RAW DATA →

>>>

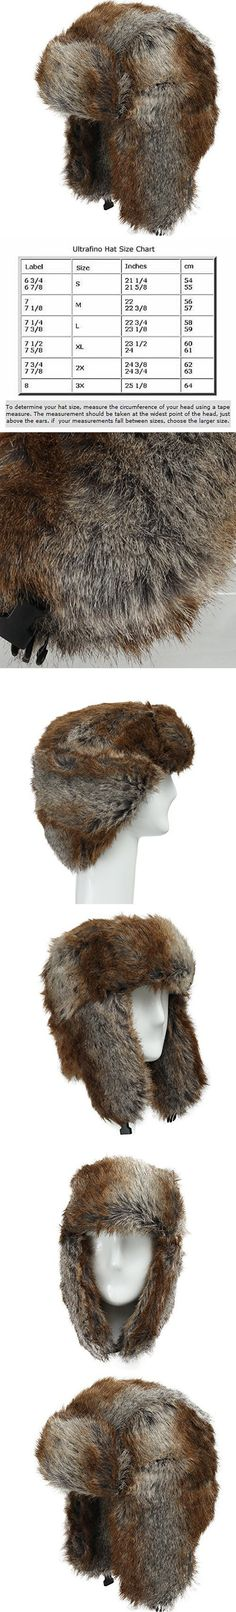 Explorer Ushanka Winter Trapper Faux Fur Pilot Hat with Ear Flaps CHOCOLATE 7
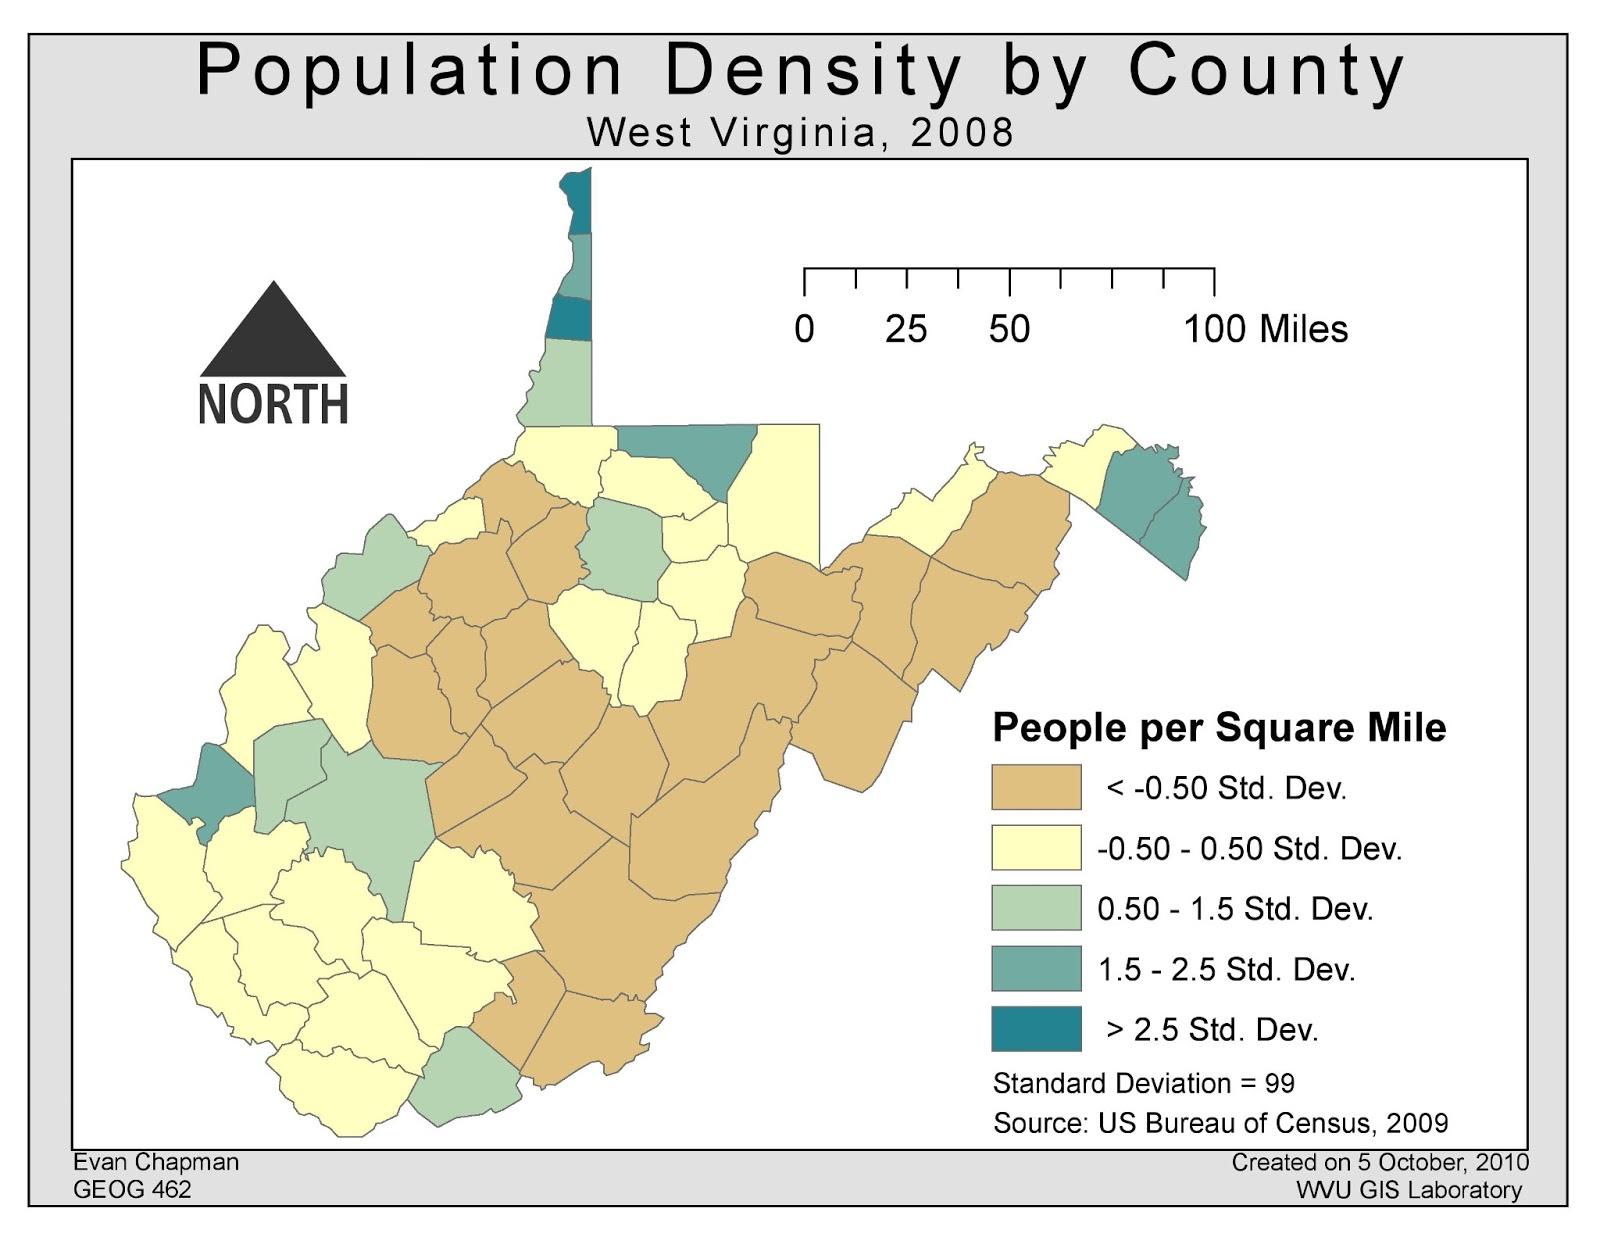 population density west virginia date october 5 2010
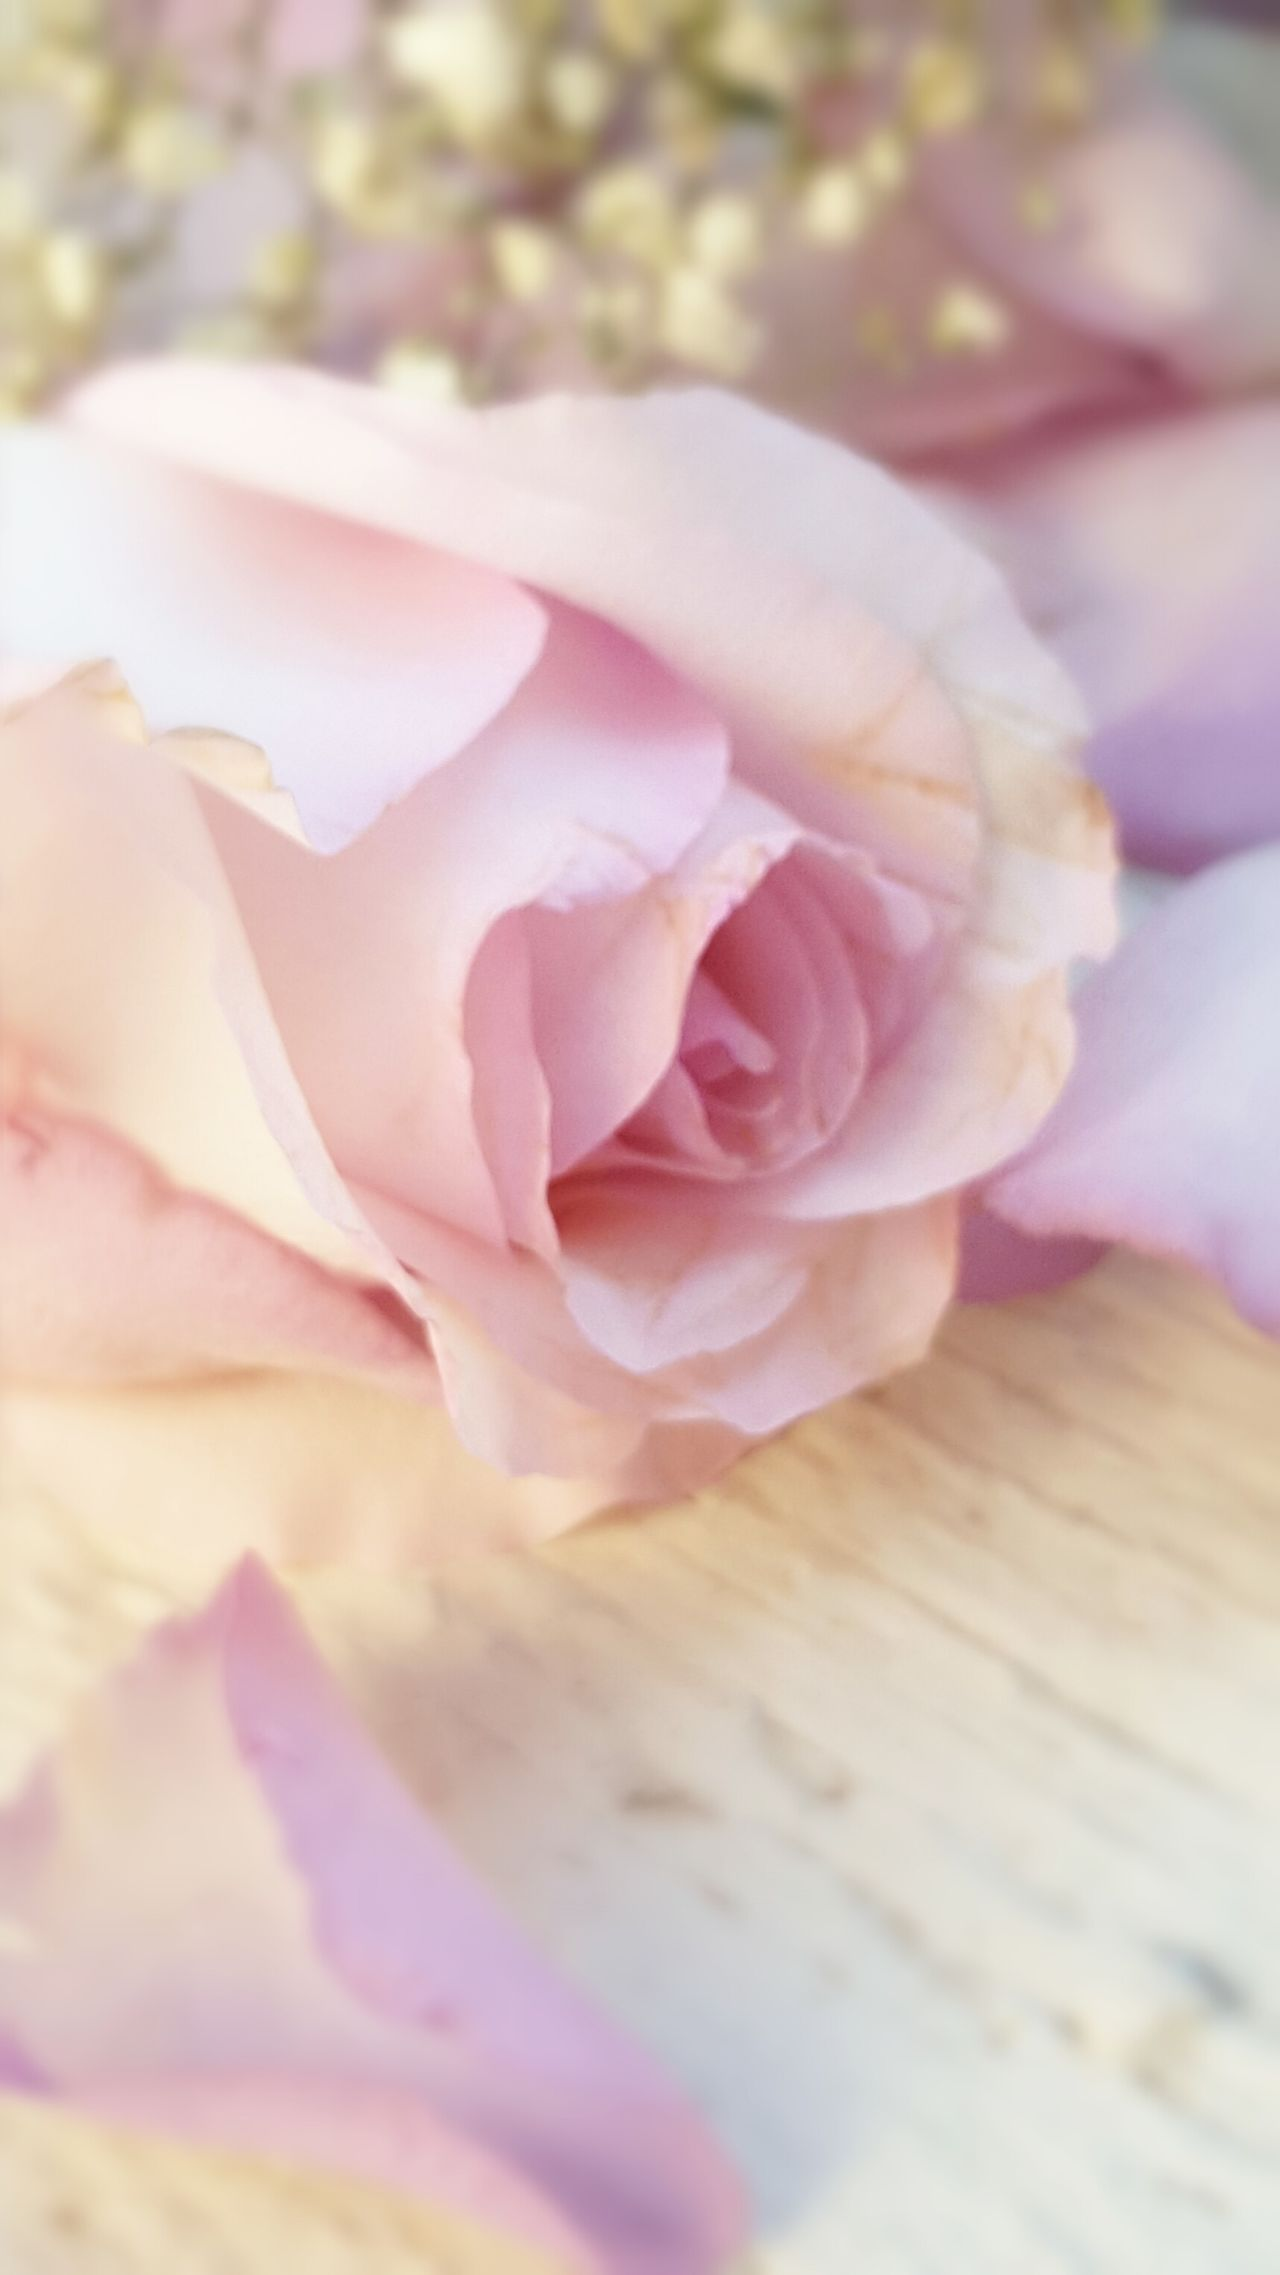 Roses Rose - Flower Rose🌹 Rose Garden Roseporn Roses🌹 Rosa ♡ Rosas Rosas Y Espinas

<<<

EXERCISE GOAL → Repeat exactly the lines from the one containing "population density west" to the last line of the data above, both included, and write no pictures into the copy.

TASK RESPONSE →
 population density west virginia date october 5 2010
 Roses Rose - Flower Rose🌹 Rose Garden Roseporn Roses🌹 Rosa ♡ Rosas Rosas Y Espinas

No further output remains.